Most online marketers have to contend with bounced email notifications from time to time. And bounced messages are marked “undeliverable” for a variety of reasons. Bounce rates vary and generally range from less than 0.4% (great) to 1.5% or more (critical), according to Klaviyo. However, specific lists may have even higher rates. Frequent email bounces don’t only reduce the effectiveness of marketing campaigns, they may eventually prevent messages from reaching their intended recipients.

Bounce Types

There are two types of bounces—soft and hard, and each can have a different effect on various email marketing metrics.

Soft Bounces

Soft bounces won’t normally have a negative impact on marketing efforts, at least in the long run. They happen as a result of temporary problems, such as full inboxes and other technical difficulties (e.g., too much traffic going to email servers). But email servers will deliver the affected messages eventually, after the problem gets fixed. That said, you need to restrain yourself from removing a subscriber from your list because of an occasional soft bounce.

Hard Bounces

While soft bounces are generally harmless and shouldn’t worry you, hard bounces can bring about serious problems. A hard bounce occurs when the email account is completely unreachable. The user could’ve blocked you from reaching it. The account may be defunct or no longer in use. The address could have been temporary and have been discarded shortly after the signup process it was used for has been completed. Or the address may have never existed, which can happen if its owner misspelled it while signing up to your page.
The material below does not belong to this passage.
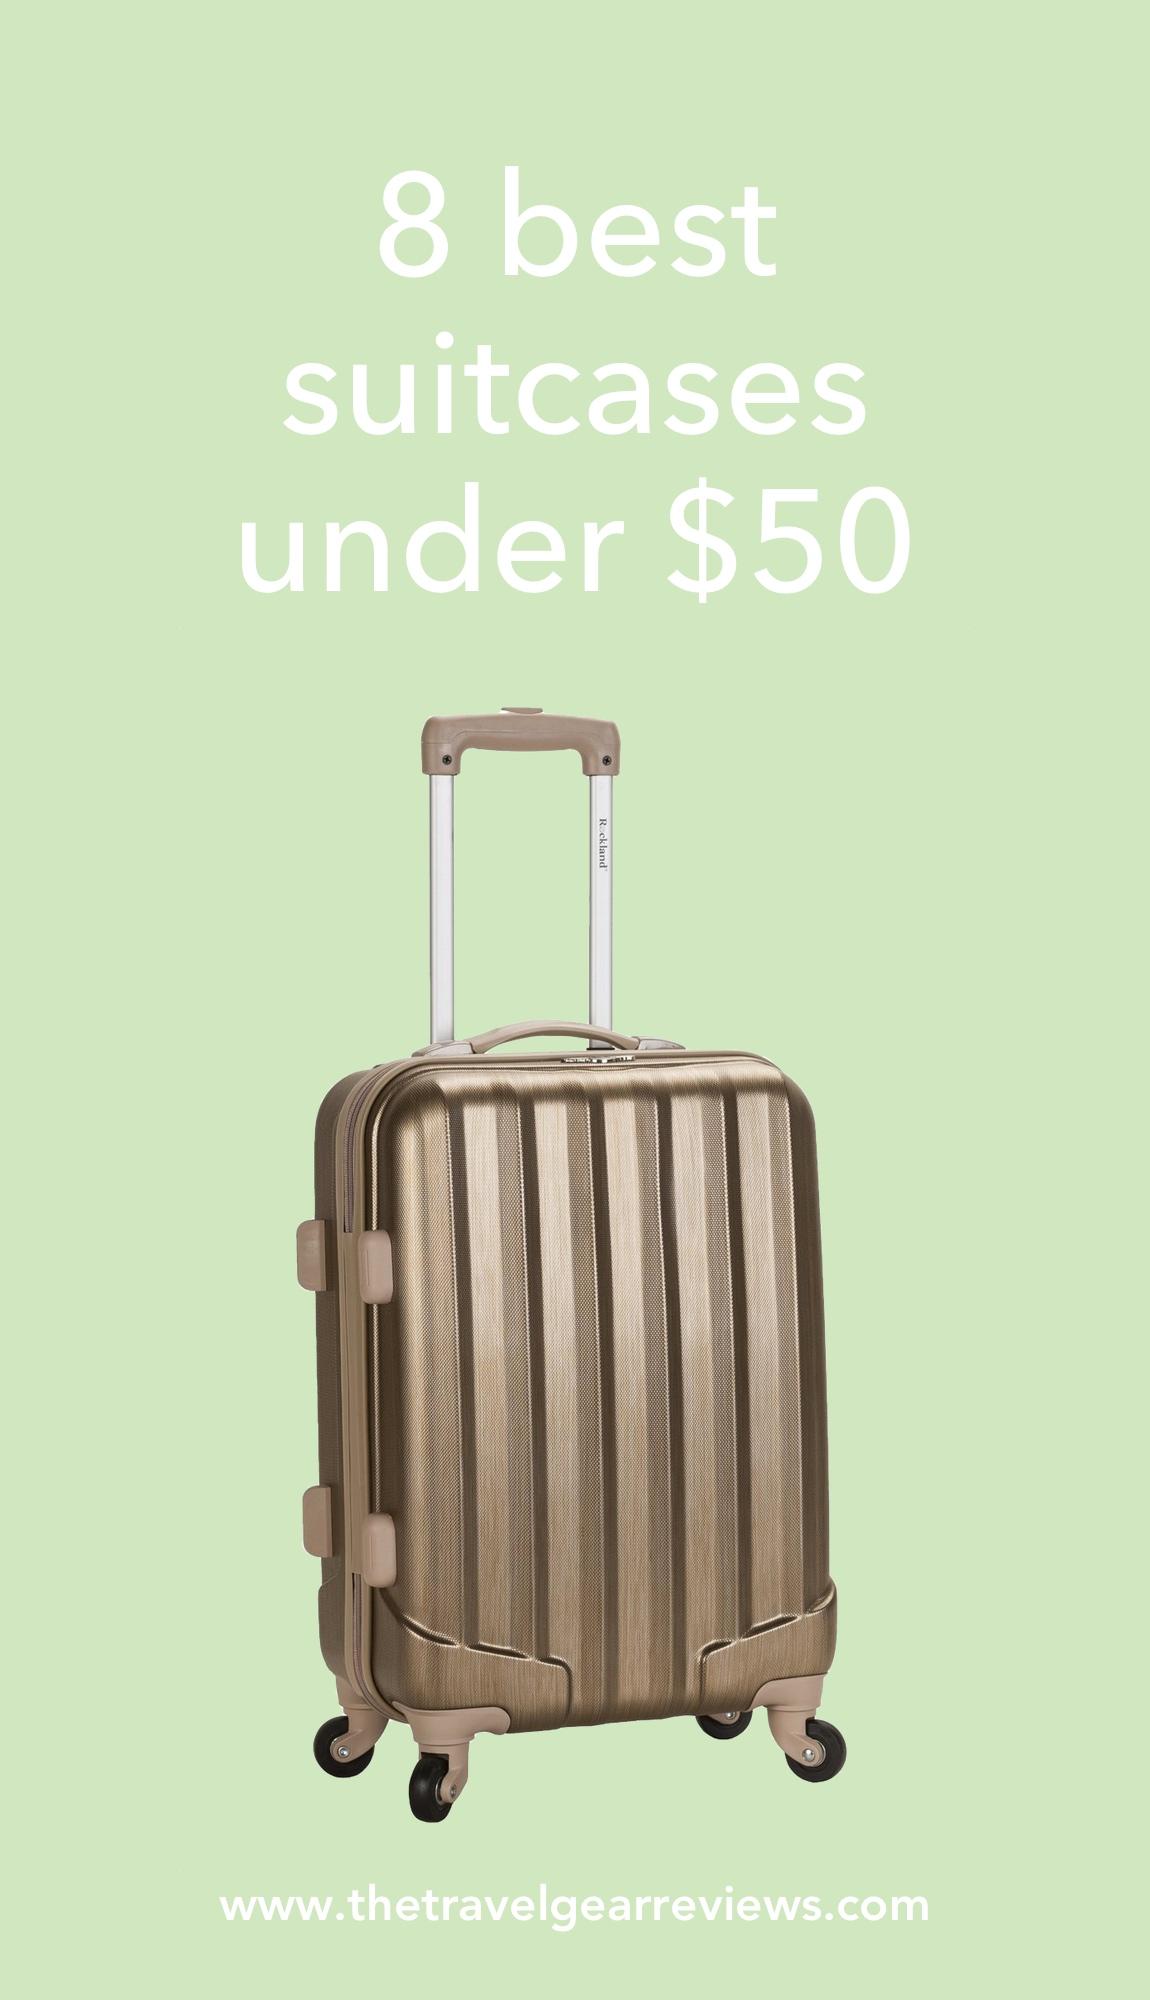 8 best suitcases under $50
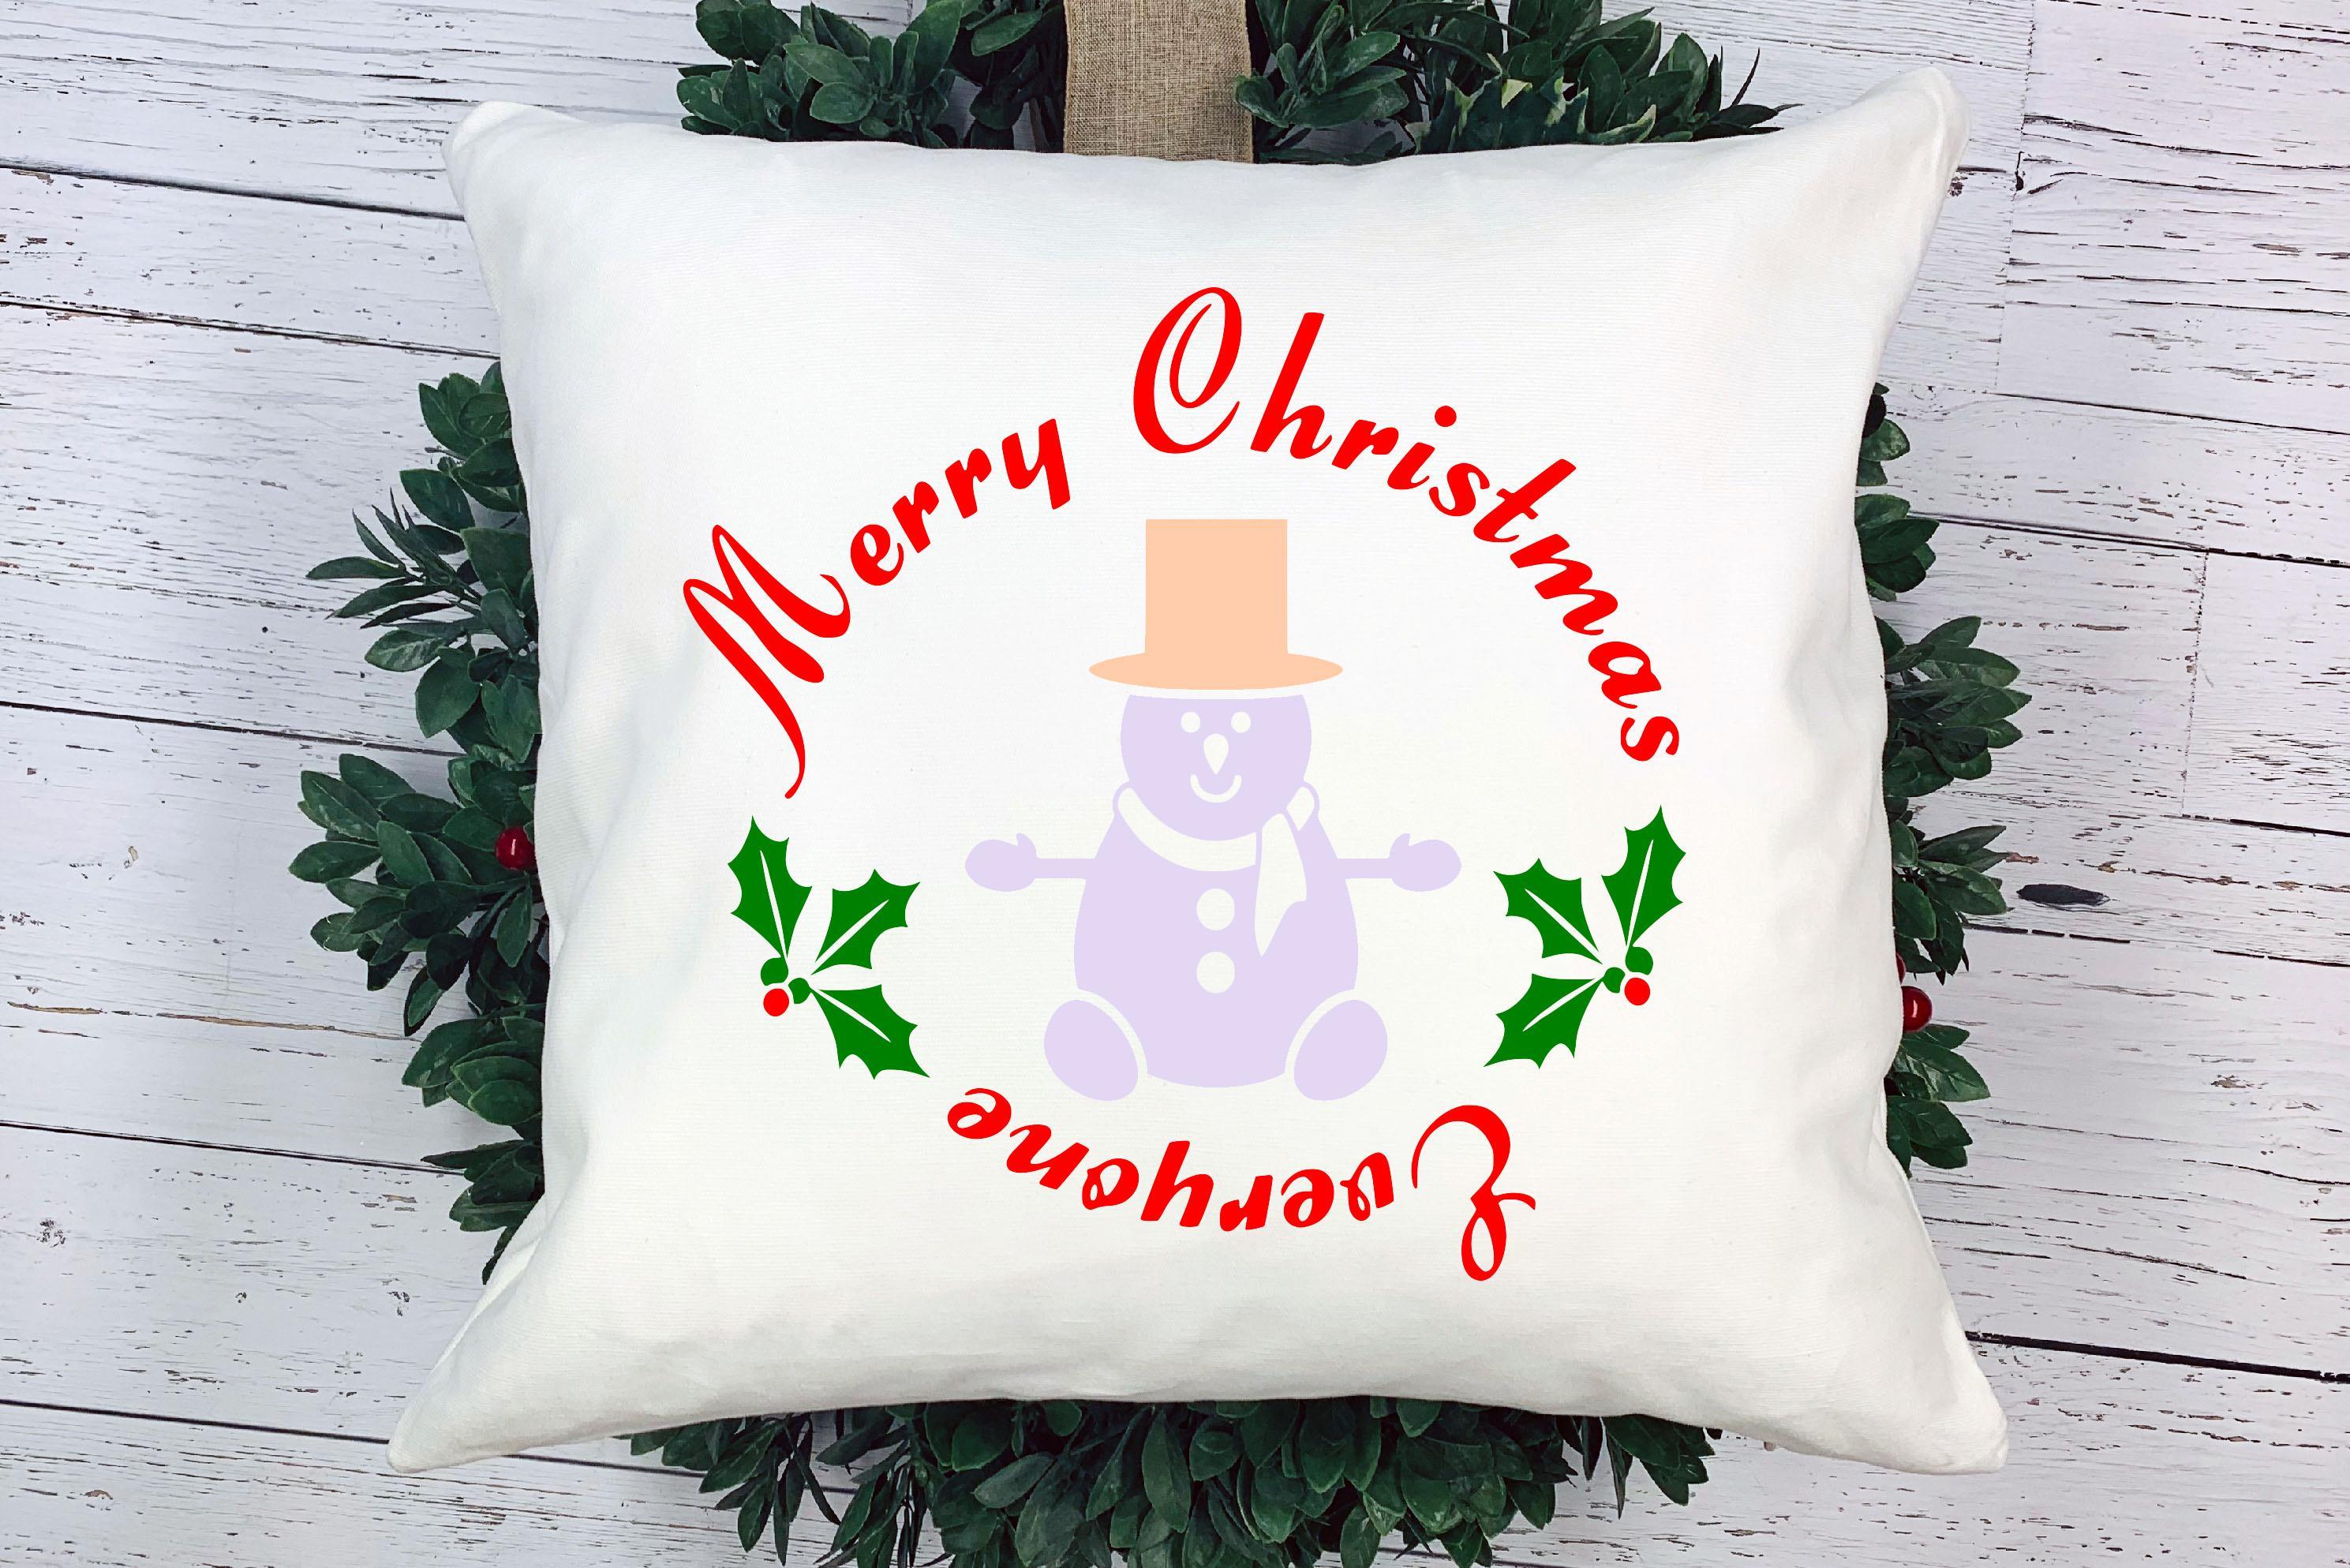 Free Merry Christmas Everyone SVG File

Improving email marketing with Email Verification

How to Reduce Email Bounce Rates: 4 Ways

There are plenty of ways to lower your bounce rates, we named at least four below with accompanying explanations. But first, let’s try to understand what an ideal bounce rate could be.

Know What’s a Good or Bad Number

While email bounce rates vary from company to company or one industry to another, you can gauge if yours is acceptable or not by comparing them with these numbers:

  • If your bounce rate is higher than 1.5% or more, you may have a serious problem with retaining readers’ attention or they send your messages straight to the spam or junk folder.
  • If it lies between 0.8% and 1.5%, your campaign is performing poorly and you need to act at once to make improvements.
  • If it is somewhere around 0.4% and 0.8%, you’re in a good place, as that is how most email marketing campaigns perform on average.
  • If your bounce rate lies below 0.4%, you’ve nailed it. This number is considered excellent in digital marketing.

Now that you know how to analyze your bounce rate, let’s talk about the ways to reduce it.

Way #1: Authenticate Your Email Domain

Having your brand imitated in phishing attacks is the fastest way to destroy your sender reputation. A possible way to reduce such risk is to enable the Sender Policy Framework (SPF) and Domain Keys Identified Mail (DKIM) authentication features. That way, cybercriminals will find it much harder to spoof or take control of your email domain, which ultimately results in poor delivery rates.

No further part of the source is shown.